For me, it's a place I've always known about but never actually thought I'd visit due to its distance from my Gold Coast home.
That doesn't seem strange until you know who I am — my family, we are Torres Strait Islanders.
I've come to the island to find out what life is like for Erubams, connect with family and culture, and immerse myself in one of the most significant events on the Torres Strait calendar, the Coming of the Light.
After flight hopping from Brisbane to Cairns then to Horn Island, I finally land on the volcanic-formed island and am greeted by my mum, aunty and uncle.
Erub is only 5.7 square kilometres and home to about 400 people.
Driving through the villages, I'm taking in everything including the views of crystal blue waters — but it's not the only blue I see.
I'm surprised to see there are Blues supporters in a place as far north as you can get from the New South Wales border (I'm told later by a local it's because it's no fun if everyone goes for the same team).
We arrive at the family property and my athe (grandad / great uncle) Walter Lui greets me with a big hug and says, "Welcome to Erub, welcome to your home".
My aka (grandma / great aunty) Diann Lui shows me to my room in a small cottage my mum remembers being built as a child. The front room was hers.
It's Mum's first time back in 57 years.
This family sanctuary is known as Kantok, named after a family saying for "can't talk" because it leaves you speechless.
But this island isn't full of tourists like Queensland's other isles. It's a place where people live, work and raise their families.
While Erub and the rest of the Torres Strait might seem far removed from Australia, its influence on Australia is absolute.
On the mainland, many men from the islands worked building railway tracks — in 1968, 40 Torres Strait Islander men were part of a team that broke the record held by America for the most tracks laid in a day.
Remarkably, they laid about seven kilometres of track in just under 12 hours in Western Australia's Pilbara region.
Closer to Erub, Mer (Murray Island) became the centre of the famous Mabo case prompting a crucial native title ruling, the legal recognition of First Nations Australians having rights and interests over land.

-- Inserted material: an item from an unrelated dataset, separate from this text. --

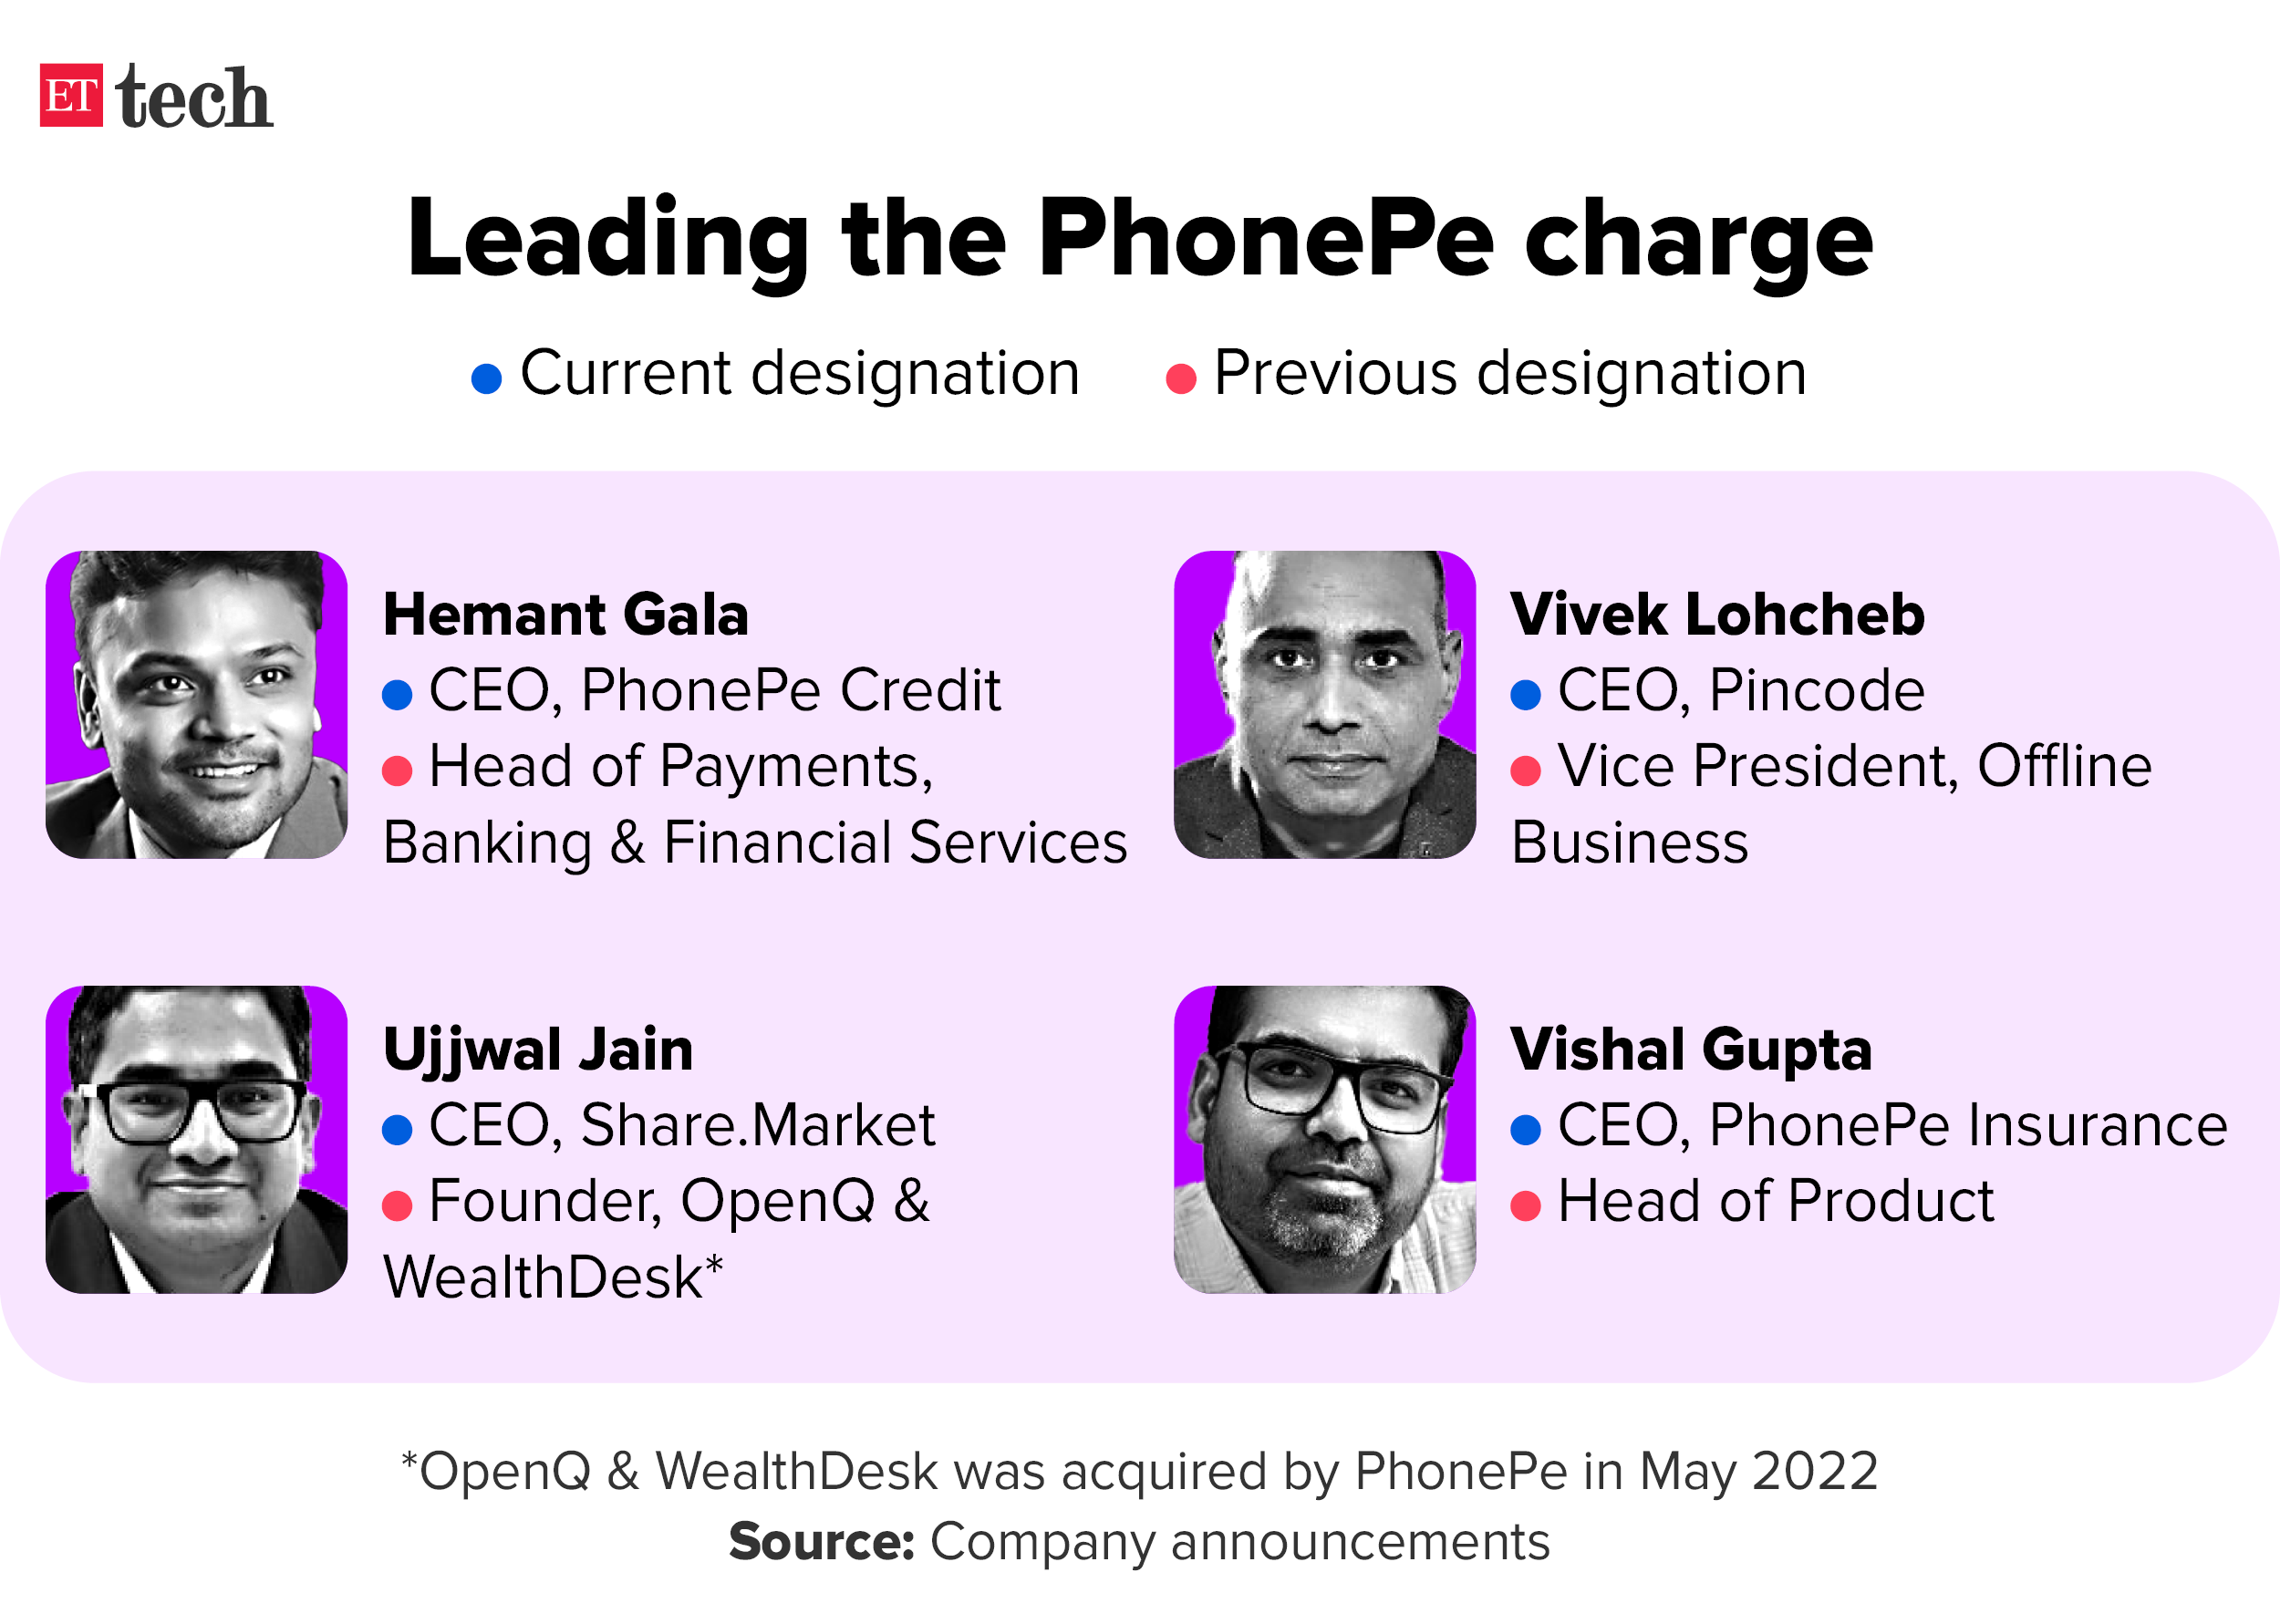 Leading the PhonePe charge_Graphic_ETTECH

And if you love pearls, Erub (which is also known as Darnley Island) was home to a thriving yet dangerous pearling industry from the 1800s through to the 1900s. It attracted many Japanese divers, some of whom lost their lives to the "Darnley Deep".
And while it is nearer to its Papua New Guinean and Asian neighbours than the mainland, Erub firmly remains a part of Australia.
Still, Erub is undoubtedly shaped by its remoteness.
Coming of the Light
Erub has a foothold in the identity of modern Islanders thanks to an event that happened 150 years ago at Kemus.
On the northern side of the island, an ex-Peruvian slaver ship known as the Surprise sailed into Treacherous Bay on July 1, 1871.
Onboard were reverends Samuel Macfarlane and Archibald Murray from the London Missionary Society with 23 others who included "native pastors" predominantly from Lifou in New Caledonia.
They were there to deliver the Gospel.
These pastors were to be left on different islands across the Strait to continue spreading the word of God.
This historical landing shaped Islanders across the Strait, and today this event is reason enough for celebration.
A celebration known as the Coming of the Light.
The landing was no accident.
Well, that's the way many see it, including fellow Mer Islander Father Dalton Cowley, priest in charge of the Church of Ascension at Kowanyama.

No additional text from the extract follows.